» Exercise details: Exact copy, no pictures: return only the lines below from the line with "Jamaica Flag Turtle" up to and including the line with "image 945px Jordan: Ceiling".

» Extracted entries:
++++++++++
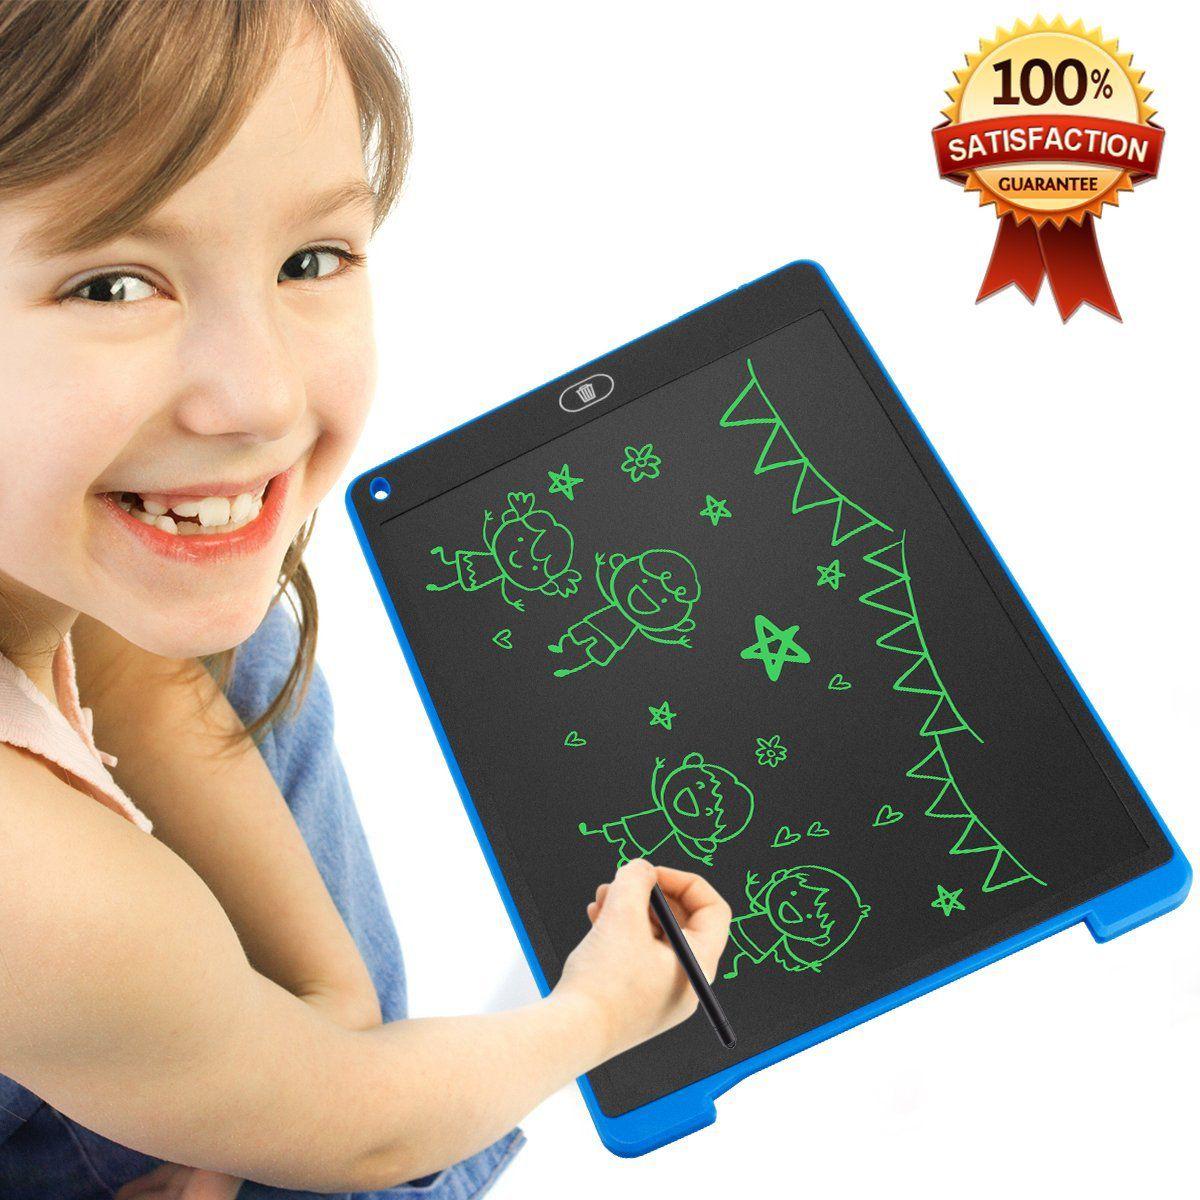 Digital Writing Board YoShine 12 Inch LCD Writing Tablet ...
++++++++++
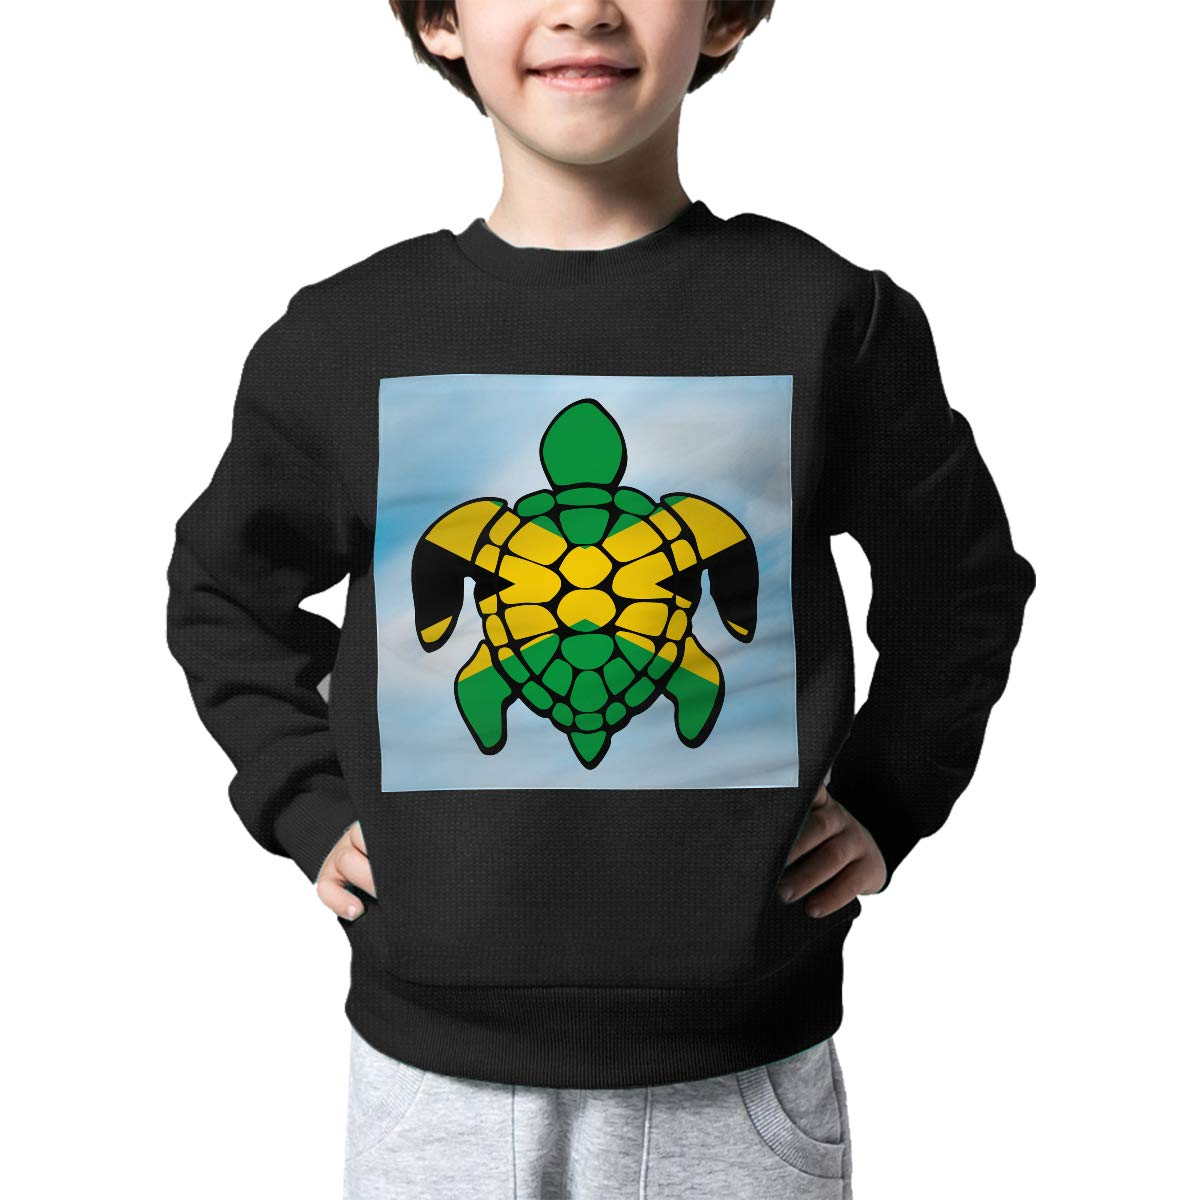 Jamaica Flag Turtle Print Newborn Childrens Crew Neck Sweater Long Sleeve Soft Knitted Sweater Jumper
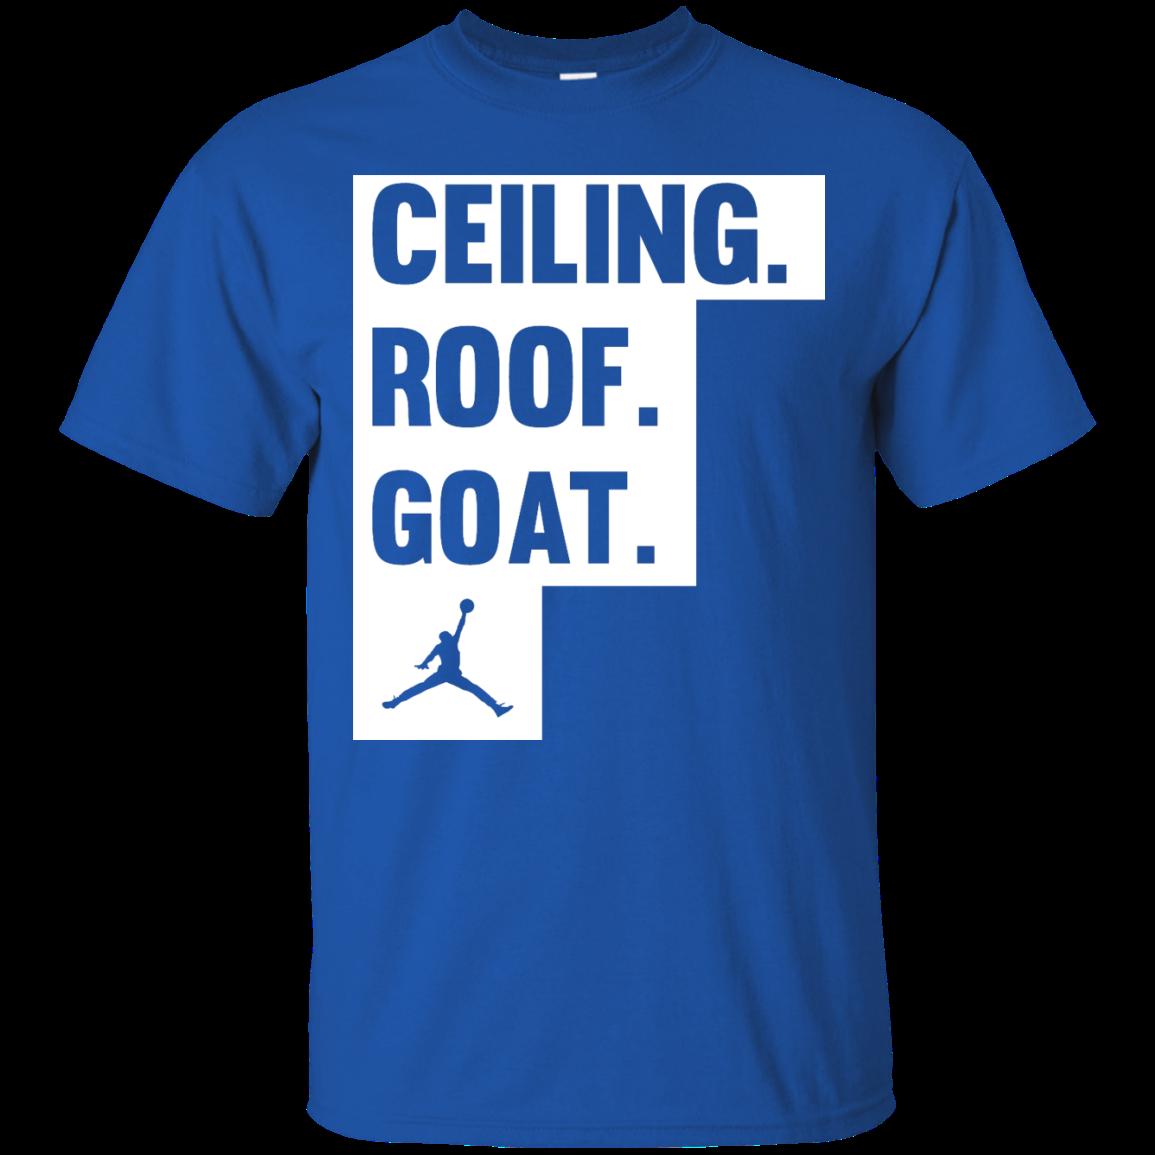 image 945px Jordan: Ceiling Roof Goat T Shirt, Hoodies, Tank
++++++++++
» Task response:
 Jamaica Flag Turtle Print Newborn Childrens Crew Neck Sweater Long Sleeve Soft Knitted Sweater Jumper
 image 945px Jordan: Ceiling Roof Goat T Shirt, Hoodies, Tank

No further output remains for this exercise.